Çoşkun ÖZARI: Yönetimin kararına herkes uymak ve saygı duymak zorunda. Nasıl ki futbolcular transfer ayında, “Şu parayı isteriz, vermezseniz başka takıma gideriz” diyebiliyorsa, yönetimler de zamanı gelince böyle kararlar alma hakkına sahiptir. Karara saygı duyarım ama uygulamaya değil. Eğer siz kararı açıklarken, “Kefen giyerim, Galatasaray forması giymem” diyen Elvir Baliç’le, gözlerini Galatasaray’da açmış, futbol yaşamını yalnızca Galatasaray’da sürdürmüş, rekorlar kırıp, kaptanlık yapmış bir Bülent Korkmaz’ı aynı kefeye koyarsanız, bunu ne ben, ne de Galatasaraylılar onaylar. Karara en başta Fatih Terim karşı çıkmalıydı. Yarın Terim’le, Galatasaray’a kısa bir süre için gelen bir teknik adamı aynı kefeye koyarlarsa, sanırım en çok Fatih Terim üzülür.
İsmet TONGO: Hakan Ünsal, Arif ve en önemlisi Bülent. Baliç’e bir şey diyemem ancak Bülent’in bu kulüpte ismi hep vardı. Onun yaptıkları silinmeyecek cinsten. Profesyonel dünyada ilişki kesmek, bir adamı işe almak kadar haktır. “Şimdi antrenmana çıkın, kulüp bulursanız sizi veririz” deyin. Sonrası ne olacak! Bu ayıp, Galatasaray’a asla yakışmaz. Sezon sonuna kadar bekleyebilirdin, kiraya verebilirdin, takasa yollayabilirdin ama hiçbirini yapmadın. En aşağılayacak biçimde onları orada tuttun. Bu olay son derece ayıp ve vefasızlık örneğidir. Unutmadan, eskilerin bir sözü vardır; “Etme bulma dünyası!” Kulüp cephesine bunu hatırlatalım.
Cünet TANMAN: Vefa çok hoş bir kelime de; içi aslında boş. Kişilerin anlayışlarına, davranışlarına göre değişiyor. Bülent, futbol adına başarısız değil. Saha içindeki davranışları antipatik gelebilir, ama futbol olarak son yıllarda mükemmel. Operasyonda adı varsa gereçke futbolu olmamalı. Haklı mı, haksız mıya girmem, işin içinde değilim. Ama bu davranış biçimi bana yabancı değil. Açıklık, dürüstlük, ahde vefa adına son zamanlarda yapılanlar G.Saray'a puan kaybettirdi. Birçok insan, 1.5 yıldır ben de dahil bu nedenle G.Saray'a, tesislere girip çıkmıyor.

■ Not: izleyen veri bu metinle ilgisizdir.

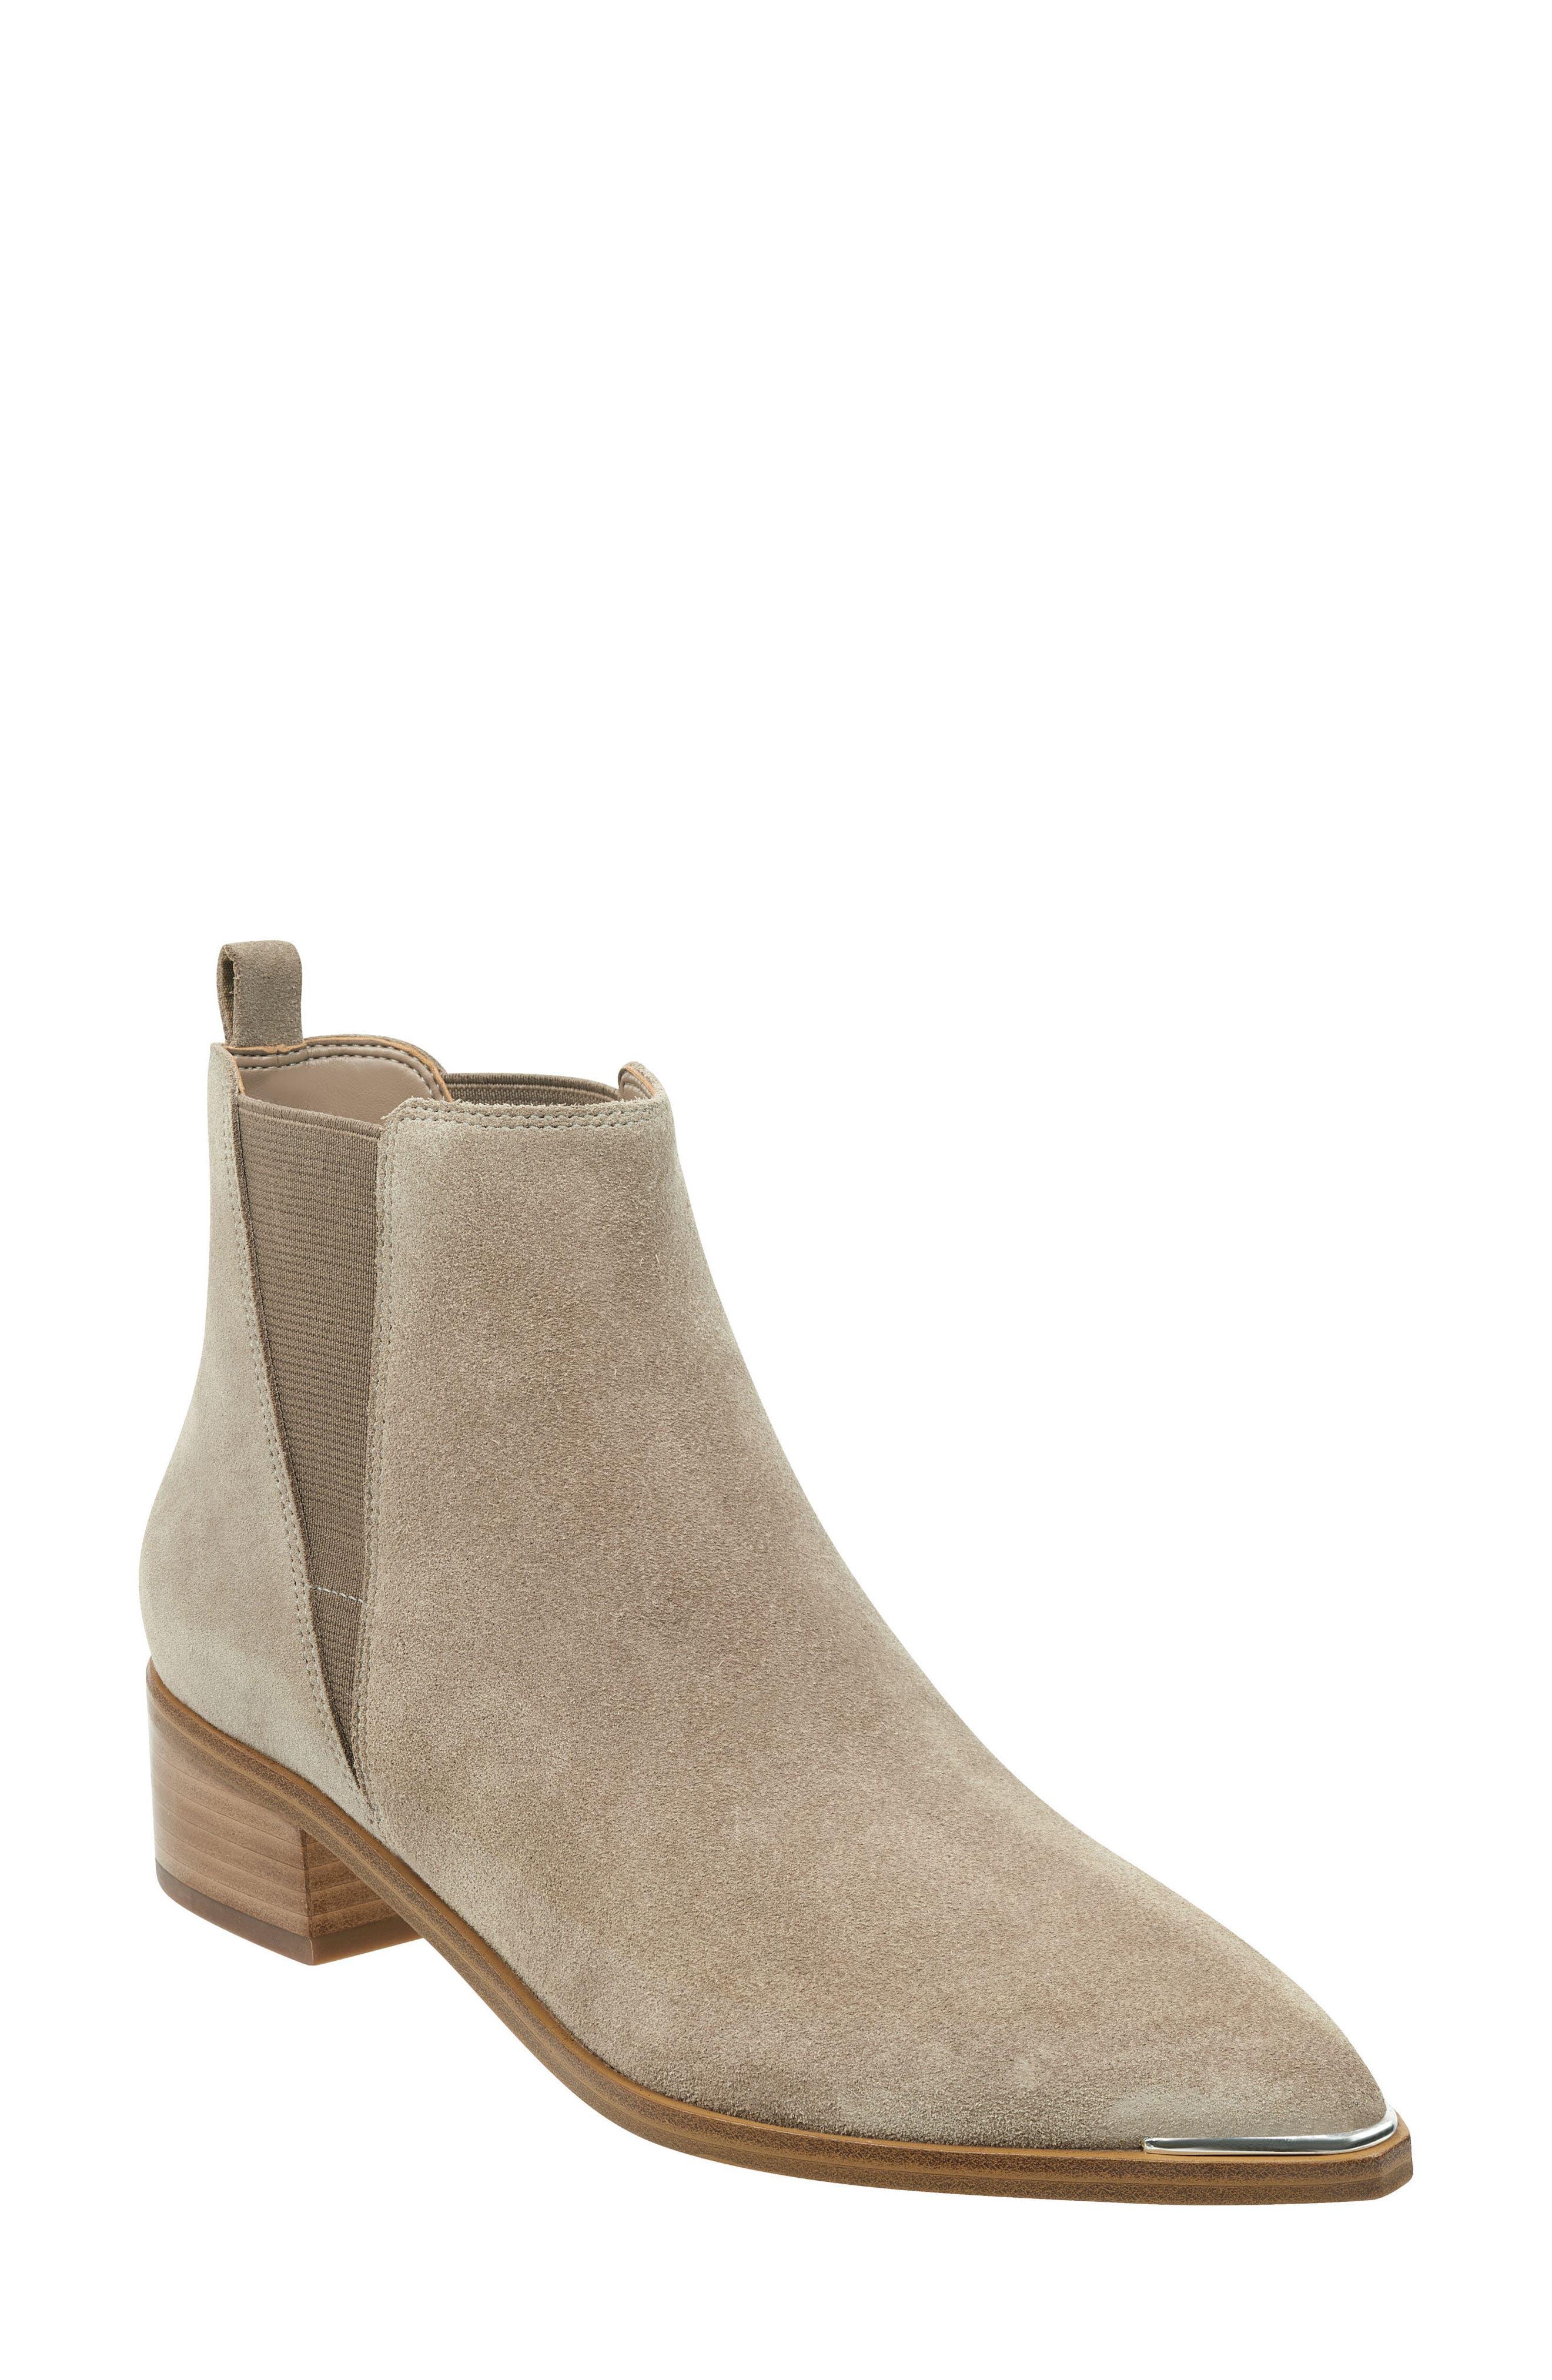 'Yale' Chelsea Boot,                         Main,                         color, CLOUD SUEDE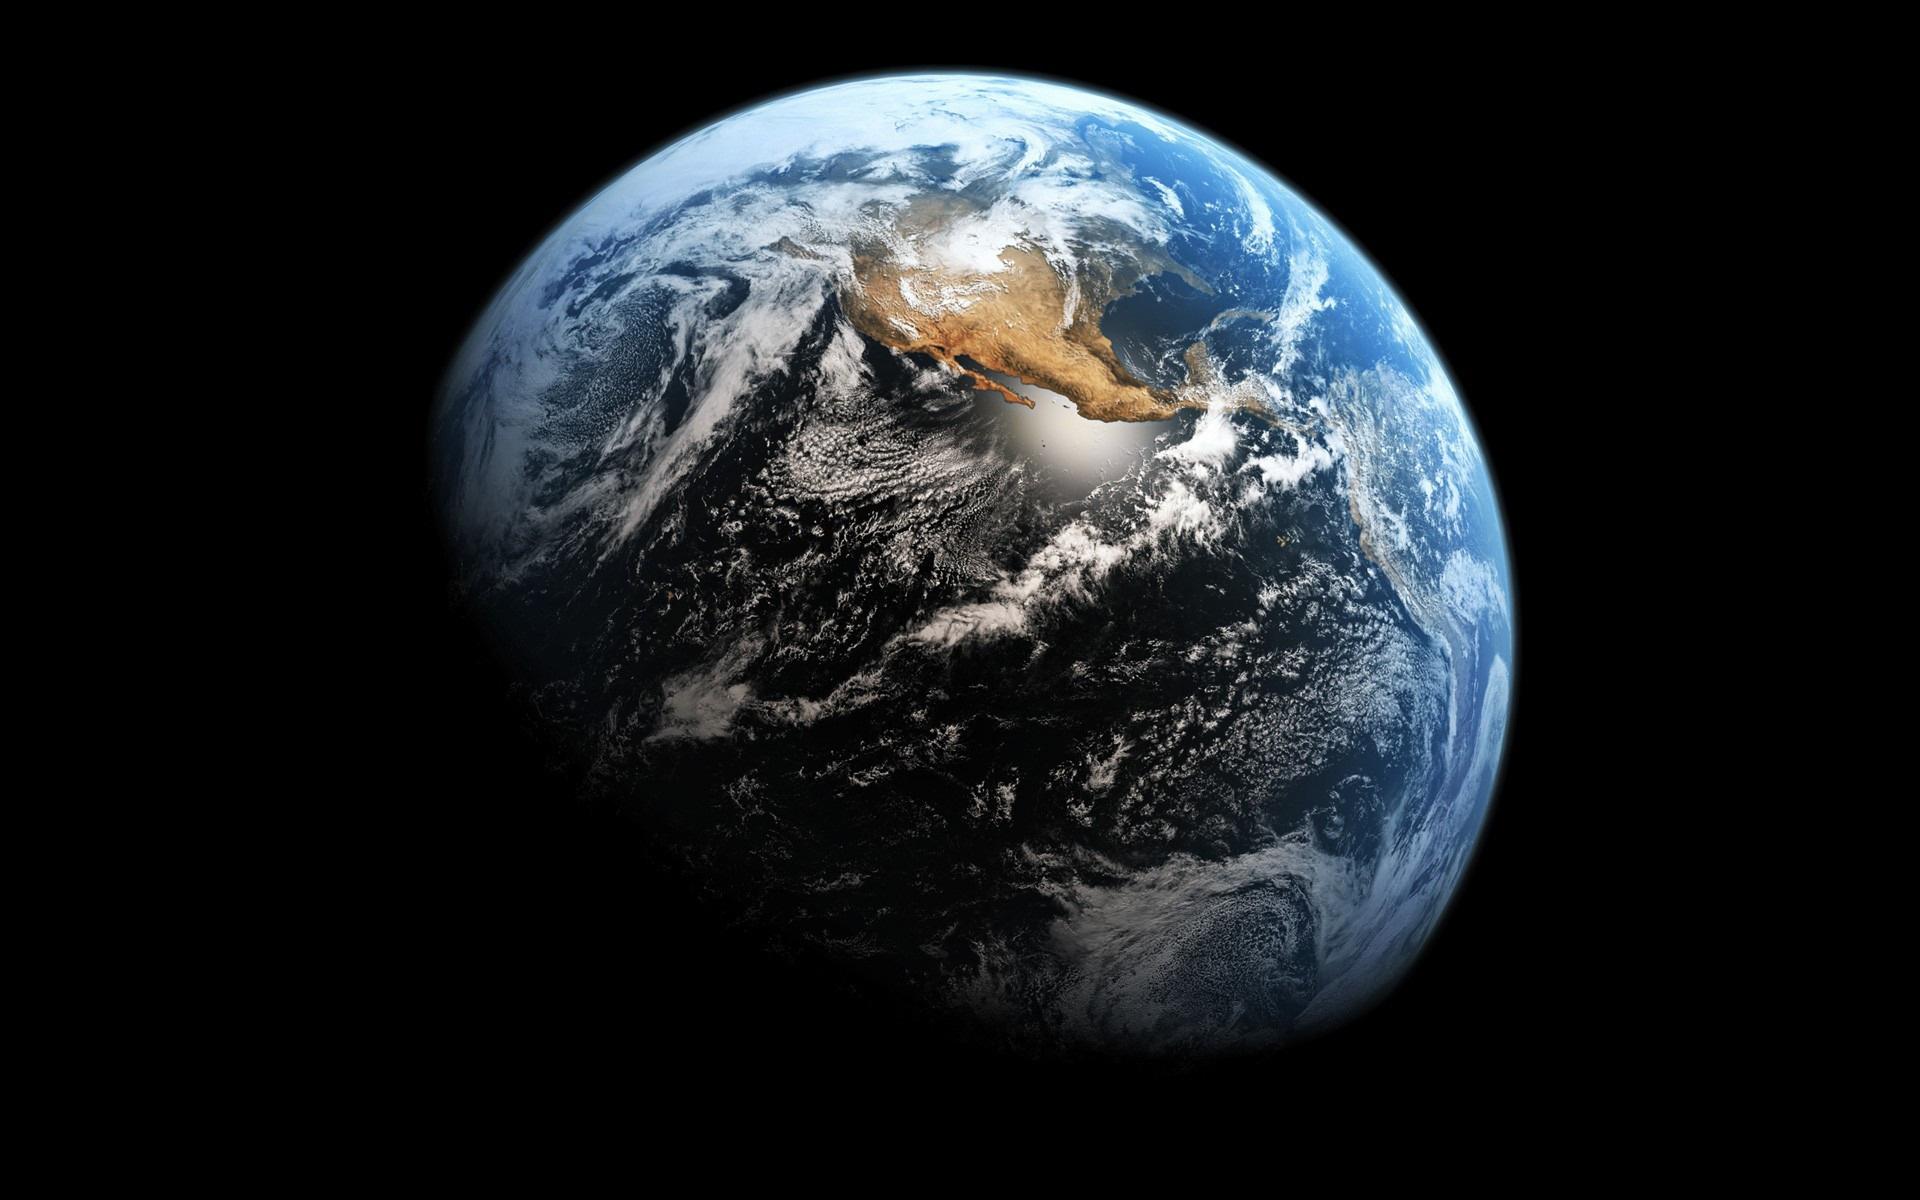 Erde Wallpaper Unsere Erde Hintergrundbilder

İskender GÜNEN: Demek ki, "vefa" İstanbul'da bir semtmiş. Böyle bir harekete katılmam mümkün değil. Çok yanlış ve çirkin bir tarz. Profesyonel anlamda sezon sonu gelir, artılar-eksiler ortaya konur. Ondan sonra oyuncuşya bir tebligat yapılıd. Sezon içinde böyle bir hareket bu futbolcuları topluma günah keçisi olarak sunmak tam bir arabesk davranış.
Haldun DOMAÇ: Vefadan çok adalet duygusu zedelendi. Daha kötü oynayan Frank de Boer, sırf maddi bağlantılar nedeniyle dururken, antipatikliğine rağmen cansiperane oynayan Bülent'e vurdu piyango. Bence bu kararı alanlar adaleti zedeledi. Vefa bir yere kadar. Sonsuza kadar değil. Adalet daha önemli. Ve bu karar adil değil.
Bülent TULUN: Fatih Terim ve Ali Dürüst'ün beyanatları çelişkili. Dürüst, "Kulüp bulun" dedik diyor; Terim "Kadro dışı söz konusu değil" diyor. Acayip bir çelişki var. Bu çocuklarlar borç-alacak ilişkin sürüyor. Paraları ödüyorsun. 10 yaşında kulüpten girmiş Bülent'e yapılan ise çok yanlış. Yanlışlar bir kere başladı mı, arkası kesilmez. Uyuşturucu bağımlılığı gibi.